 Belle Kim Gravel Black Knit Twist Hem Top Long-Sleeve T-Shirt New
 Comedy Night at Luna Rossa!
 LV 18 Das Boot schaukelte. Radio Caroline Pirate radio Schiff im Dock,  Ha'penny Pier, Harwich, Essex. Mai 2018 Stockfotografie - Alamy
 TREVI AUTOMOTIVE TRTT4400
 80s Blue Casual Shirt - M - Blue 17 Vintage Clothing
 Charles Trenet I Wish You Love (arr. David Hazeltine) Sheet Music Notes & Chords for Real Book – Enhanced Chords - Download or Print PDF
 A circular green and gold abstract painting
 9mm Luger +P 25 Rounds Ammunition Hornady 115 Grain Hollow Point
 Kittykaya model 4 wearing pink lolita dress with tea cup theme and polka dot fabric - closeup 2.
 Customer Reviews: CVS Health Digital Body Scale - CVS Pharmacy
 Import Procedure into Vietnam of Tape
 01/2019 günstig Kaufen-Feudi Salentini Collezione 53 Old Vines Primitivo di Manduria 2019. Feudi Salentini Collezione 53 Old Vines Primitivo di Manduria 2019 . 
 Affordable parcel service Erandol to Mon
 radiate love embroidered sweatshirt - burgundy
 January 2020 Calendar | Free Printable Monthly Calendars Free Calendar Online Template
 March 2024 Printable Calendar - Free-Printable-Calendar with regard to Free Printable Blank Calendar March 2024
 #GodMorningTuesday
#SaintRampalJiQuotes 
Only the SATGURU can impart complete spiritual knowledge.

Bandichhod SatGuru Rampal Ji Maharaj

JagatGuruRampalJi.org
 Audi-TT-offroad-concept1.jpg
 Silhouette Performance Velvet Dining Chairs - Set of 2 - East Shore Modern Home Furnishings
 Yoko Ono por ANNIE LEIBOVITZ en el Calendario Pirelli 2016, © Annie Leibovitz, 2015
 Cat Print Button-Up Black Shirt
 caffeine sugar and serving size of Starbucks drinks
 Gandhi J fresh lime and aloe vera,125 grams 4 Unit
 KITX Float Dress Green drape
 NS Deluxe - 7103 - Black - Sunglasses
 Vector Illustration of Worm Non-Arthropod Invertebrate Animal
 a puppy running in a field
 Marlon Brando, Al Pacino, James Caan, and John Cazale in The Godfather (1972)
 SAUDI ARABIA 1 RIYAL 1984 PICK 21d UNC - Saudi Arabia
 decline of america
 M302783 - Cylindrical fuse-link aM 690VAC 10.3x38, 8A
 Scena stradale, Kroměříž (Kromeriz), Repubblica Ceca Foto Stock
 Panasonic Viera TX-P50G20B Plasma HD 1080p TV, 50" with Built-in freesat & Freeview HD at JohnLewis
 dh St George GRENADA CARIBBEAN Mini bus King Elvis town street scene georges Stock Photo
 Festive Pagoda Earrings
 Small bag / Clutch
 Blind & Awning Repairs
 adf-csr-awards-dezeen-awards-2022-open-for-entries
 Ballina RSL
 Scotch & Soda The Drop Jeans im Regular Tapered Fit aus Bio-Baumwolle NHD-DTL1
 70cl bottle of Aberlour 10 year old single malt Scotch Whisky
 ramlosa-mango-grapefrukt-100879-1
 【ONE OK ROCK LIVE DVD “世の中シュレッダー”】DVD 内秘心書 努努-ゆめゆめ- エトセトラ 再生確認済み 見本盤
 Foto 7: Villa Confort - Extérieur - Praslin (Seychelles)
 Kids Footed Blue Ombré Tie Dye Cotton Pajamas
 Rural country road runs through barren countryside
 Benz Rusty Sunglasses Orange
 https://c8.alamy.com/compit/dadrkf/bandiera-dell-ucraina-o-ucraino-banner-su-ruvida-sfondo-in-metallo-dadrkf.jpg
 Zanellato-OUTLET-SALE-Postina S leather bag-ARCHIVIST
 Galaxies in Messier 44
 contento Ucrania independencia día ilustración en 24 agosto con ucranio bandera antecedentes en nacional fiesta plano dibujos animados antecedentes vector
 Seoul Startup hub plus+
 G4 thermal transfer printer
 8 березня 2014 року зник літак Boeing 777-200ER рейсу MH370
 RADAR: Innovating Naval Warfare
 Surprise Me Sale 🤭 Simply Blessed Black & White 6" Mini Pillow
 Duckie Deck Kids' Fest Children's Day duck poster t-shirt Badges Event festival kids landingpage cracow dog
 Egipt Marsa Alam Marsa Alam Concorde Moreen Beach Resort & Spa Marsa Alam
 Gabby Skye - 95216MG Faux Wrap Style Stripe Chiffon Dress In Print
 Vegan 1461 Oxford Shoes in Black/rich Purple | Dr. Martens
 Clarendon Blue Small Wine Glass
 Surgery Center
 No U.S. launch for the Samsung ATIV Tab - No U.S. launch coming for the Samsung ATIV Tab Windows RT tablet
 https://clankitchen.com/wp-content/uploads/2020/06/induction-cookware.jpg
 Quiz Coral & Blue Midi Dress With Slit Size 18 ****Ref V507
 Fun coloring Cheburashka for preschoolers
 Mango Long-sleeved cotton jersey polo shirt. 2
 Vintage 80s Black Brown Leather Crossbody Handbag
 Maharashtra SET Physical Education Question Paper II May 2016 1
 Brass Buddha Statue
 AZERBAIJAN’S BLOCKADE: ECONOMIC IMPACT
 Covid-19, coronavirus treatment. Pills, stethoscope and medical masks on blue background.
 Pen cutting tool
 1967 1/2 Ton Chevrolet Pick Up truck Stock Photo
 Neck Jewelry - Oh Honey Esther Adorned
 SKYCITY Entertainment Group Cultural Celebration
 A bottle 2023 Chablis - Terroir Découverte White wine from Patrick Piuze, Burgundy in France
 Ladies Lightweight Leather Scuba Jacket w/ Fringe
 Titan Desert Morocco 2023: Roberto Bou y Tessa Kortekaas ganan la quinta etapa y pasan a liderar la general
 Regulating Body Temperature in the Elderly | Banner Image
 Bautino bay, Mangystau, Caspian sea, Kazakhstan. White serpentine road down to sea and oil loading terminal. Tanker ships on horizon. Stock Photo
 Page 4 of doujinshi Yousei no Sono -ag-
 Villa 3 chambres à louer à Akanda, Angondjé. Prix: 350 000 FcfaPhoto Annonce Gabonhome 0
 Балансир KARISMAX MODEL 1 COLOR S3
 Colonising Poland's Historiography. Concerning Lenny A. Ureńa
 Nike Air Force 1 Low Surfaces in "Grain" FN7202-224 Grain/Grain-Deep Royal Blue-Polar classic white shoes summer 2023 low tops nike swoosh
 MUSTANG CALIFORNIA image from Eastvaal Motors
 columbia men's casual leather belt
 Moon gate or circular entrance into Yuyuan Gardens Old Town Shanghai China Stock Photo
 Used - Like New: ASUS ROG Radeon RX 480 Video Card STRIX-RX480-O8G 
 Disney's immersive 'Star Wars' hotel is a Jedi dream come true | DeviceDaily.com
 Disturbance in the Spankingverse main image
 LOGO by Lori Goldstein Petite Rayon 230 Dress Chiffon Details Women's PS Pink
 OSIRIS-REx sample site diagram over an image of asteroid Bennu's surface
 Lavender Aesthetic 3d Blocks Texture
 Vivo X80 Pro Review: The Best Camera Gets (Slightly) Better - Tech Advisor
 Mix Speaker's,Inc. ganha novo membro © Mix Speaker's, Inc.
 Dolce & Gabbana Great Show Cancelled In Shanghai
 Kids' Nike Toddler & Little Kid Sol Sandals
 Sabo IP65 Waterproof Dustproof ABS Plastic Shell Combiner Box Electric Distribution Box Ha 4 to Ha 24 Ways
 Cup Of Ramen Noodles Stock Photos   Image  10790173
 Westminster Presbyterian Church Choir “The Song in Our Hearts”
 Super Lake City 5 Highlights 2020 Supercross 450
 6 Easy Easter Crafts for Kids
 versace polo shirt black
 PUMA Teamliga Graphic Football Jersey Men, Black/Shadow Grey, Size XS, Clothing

== == ==

WORK TO BE COMPLETED: The range runs from the line above containing "Yoko Ono por" to the line containing "Festive Pagoda Earrings", inclusive. Restate those lines word for word and no others.

SOLUTION TO THIS PROBLEM:
 Yoko Ono por ANNIE LEIBOVITZ en el Calendario Pirelli 2016, © Annie Leibovitz, 2015
 Cat Print Button-Up Black Shirt
 caffeine sugar and serving size of Starbucks drinks
 Gandhi J fresh lime and aloe vera,125 grams 4 Unit
 KITX Float Dress Green drape
 NS Deluxe - 7103 - Black - Sunglasses
 Vector Illustration of Worm Non-Arthropod Invertebrate Animal
 a puppy running in a field
 Marlon Brando, Al Pacino, James Caan, and John Cazale in The Godfather (1972)
 SAUDI ARABIA 1 RIYAL 1984 PICK 21d UNC - Saudi Arabia
 decline of america
 M302783 - Cylindrical fuse-link aM 690VAC 10.3x38, 8A
 Scena stradale, Kroměříž (Kromeriz), Repubblica Ceca Foto Stock
 Panasonic Viera TX-P50G20B Plasma HD 1080p TV, 50" with Built-in freesat & Freeview HD at JohnLewis
 dh St George GRENADA CARIBBEAN Mini bus King Elvis town street scene georges Stock Photo
 Festive Pagoda Earrings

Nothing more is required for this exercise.